Active 1947–92: United States Air Force
1946–47: US Army Air Forces
Command Headquarters -
9 November 1948: Offutt Air Force Base, Nebraska
21 October 1946: Andrews Field (later AFB), Maryland
21 March 1946: Bolling Field, District of Columbia
Motto: “Peace is Our Profession"
Early SAC commanders:
GEN George Kenney, Mar 46 - Oct 48
GEN Curtis LeMay, Oct 48 – Jun 57
GEN Thomas S. Power, Jul 57 - Nov 64
GEN John Dale Ryan, Dec 64 - Jan 67
GEN Joseph J. Nazzaro, Feb 67 - July 68
GEN Bruce K. Holloway, Aug 68 - Apr 72
Most Notable commander: *General Curtis LeMay
Gen. Curtis LeMay reorganized the Strategic Air Command into an effective instrument of nuclear war. In 1948, he returned to the U.S. to head the Strategic Air Command at Offutt Air Force Base, replacing Gen George Kenney. When LeMay took over command of SAC, it consisted of little more than a few understaffed B-29 bombardment groups left over from World War II. Less than half of the available aircraft were operational, and the crews were under-trained. Base and aircraft security standards were minimal.
Upon inspecting a SAC hangar full of US nuclear strategic bombers, LeMay found a single Air Force sentry on duty, unarmed. LeMay recorded the incident in a memo to staff the same day, stating "This afternoon I found a man guarding a hangar with a ham sandwich. There will be no more of that."
After ordering a mock bombing exercise on Dayton, Ohio, LeMay was shocked to learn that most of the strategic bombers assigned to the mission missed their targets by one mile or more. "We didn't have one crew, not one crew, in the entire command who could do a professional job" noted LeMay.

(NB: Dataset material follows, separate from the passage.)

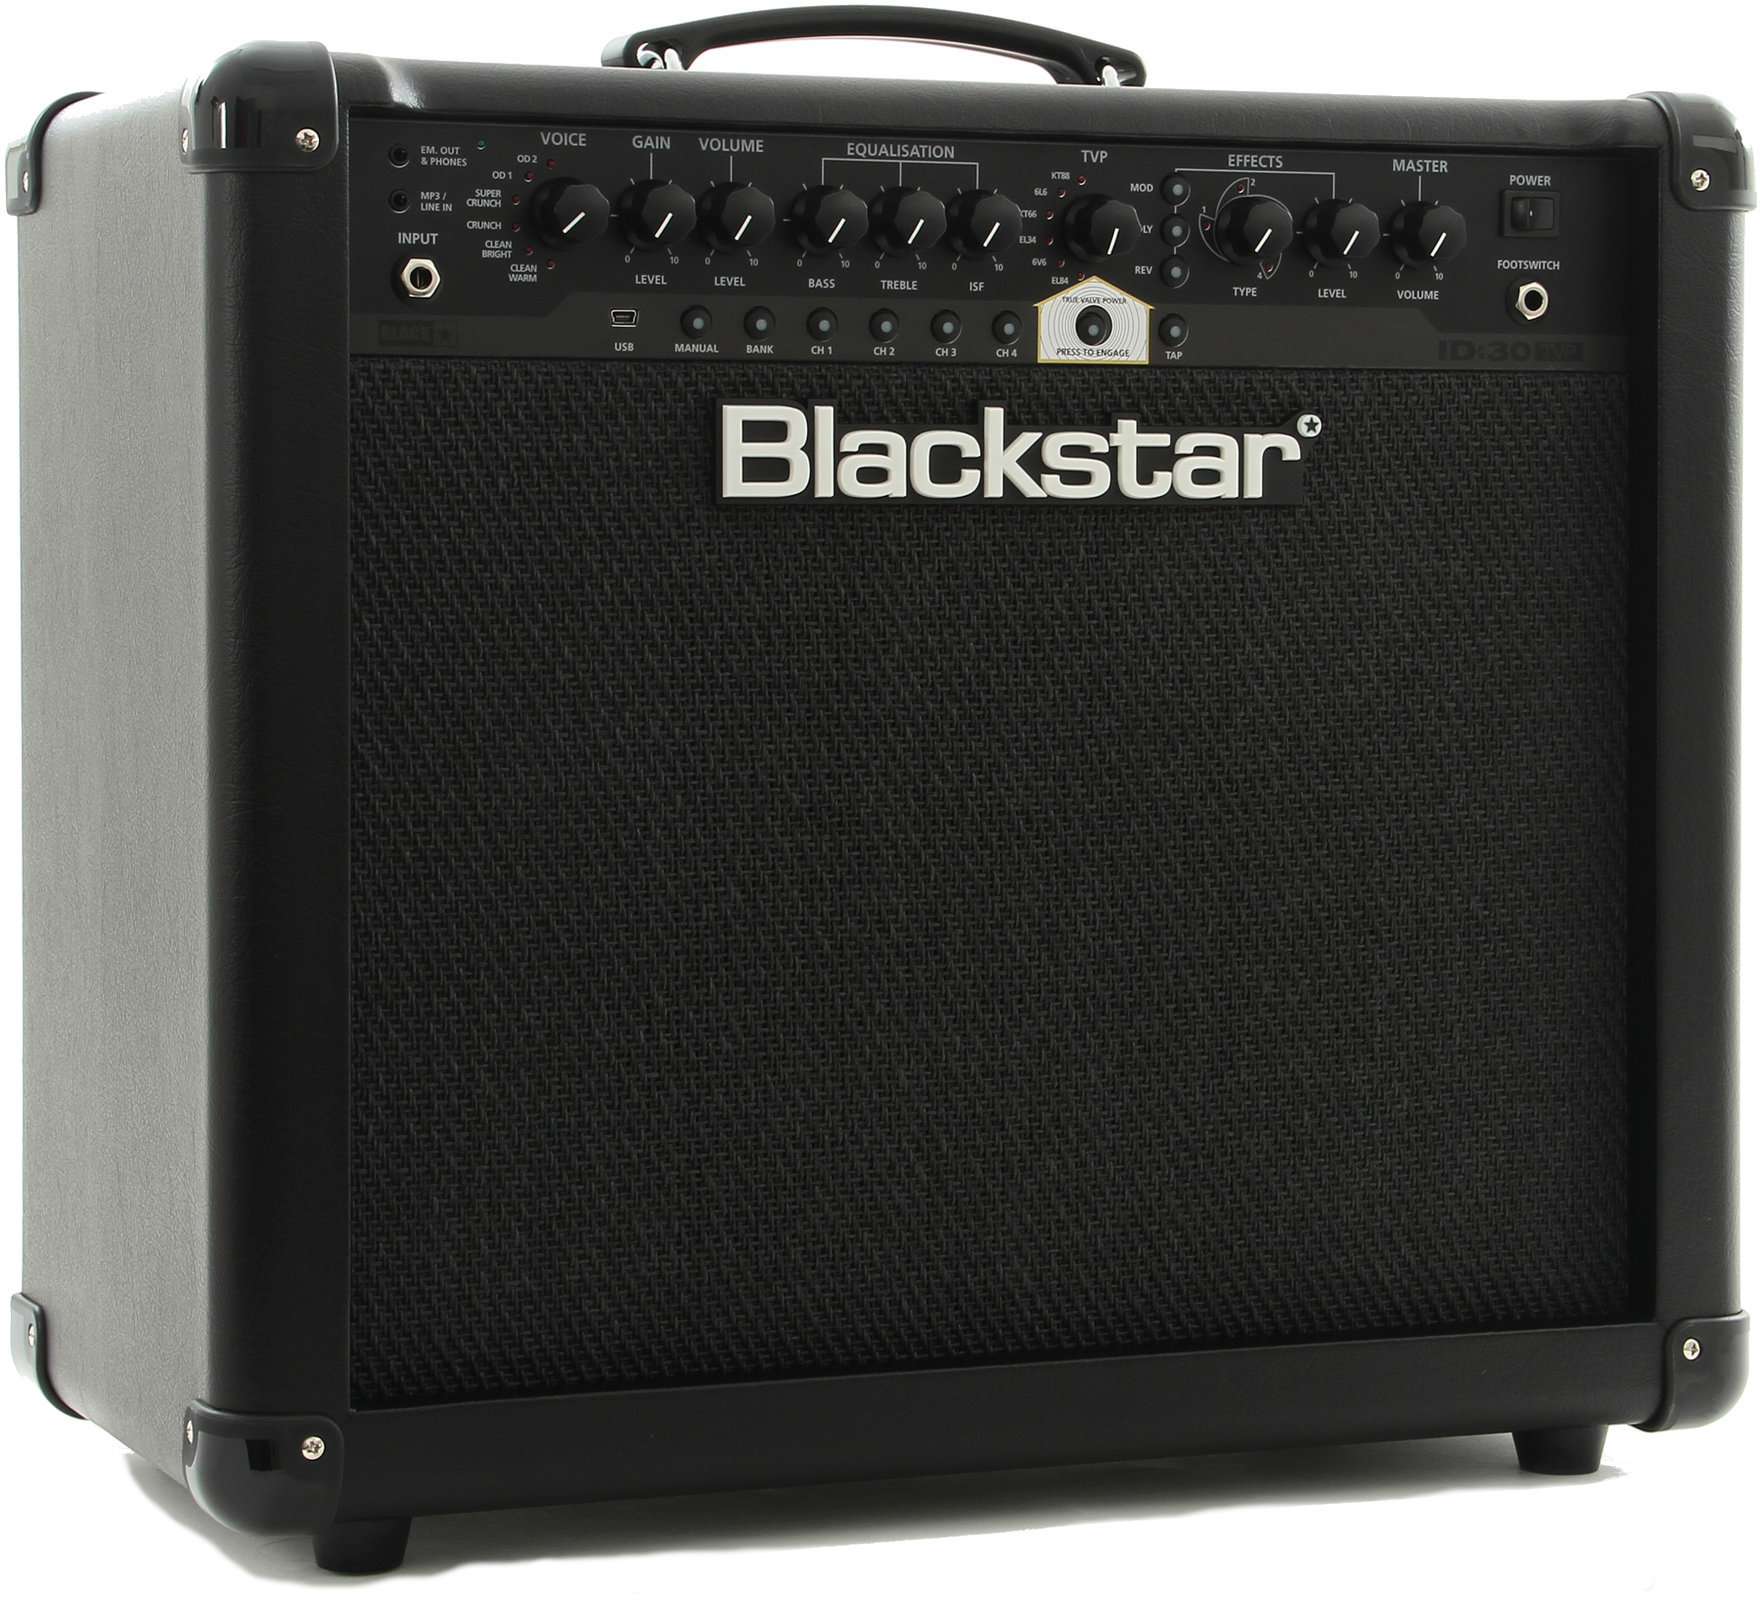 Modelling gitarsko combo pojačalo Blackstar 30 TVP

A meeting in November, 1948 with Air Force Chief of Staff, Hoyt Vandenberg, found the two men agreeing the primary mission of SAC should be the capability of delivering 80% of the nation's atomic bombs in one mission. Towards this aim, LeMay delivered the first SAC Emergency War Plan in March 1949 which called for dropping 133 atomic bombs on 70 cities in the USSR within 30 days. Air power strategists called this type of pre-emptive strike, "killing a nation." However, the Harmon committee released their unanimous report two months later stating such an attack would not end a war with the Soviets and their industry would quickly recover. This committee had been specifically created by the Joint Chiefs of Staff to study the effects of a massive nuclear strike against the Soviet Union. Nevertheless, within weeks, an ad hoc Joint Chiefs committee recommended tripling America's nuclear arsenal, and Chief of Staff Vandenberg called for enough bombs to attack 220 targets, up from the previous 70.
Upon receiving his fourth star in 1951 at age 44, LeMay became the youngest four-star general in American history since Ulysses S. Grant and was the youngest four-star general in modern history as well as the longest serving in that rank. In 1956 and 1957 LeMay implemented tests of 24-hour bomber and tanker alerts, keeping some bomber forces ready at all times. LeMay headed SAC until 1957, overseeing its transformation into a modern, efficient, all-jet force. He served as Chief of Staff of the U.S. Air Force from 1961 until his retirement in 1965. LeMay's tenure was the longest over an American military command in nearly 100 years.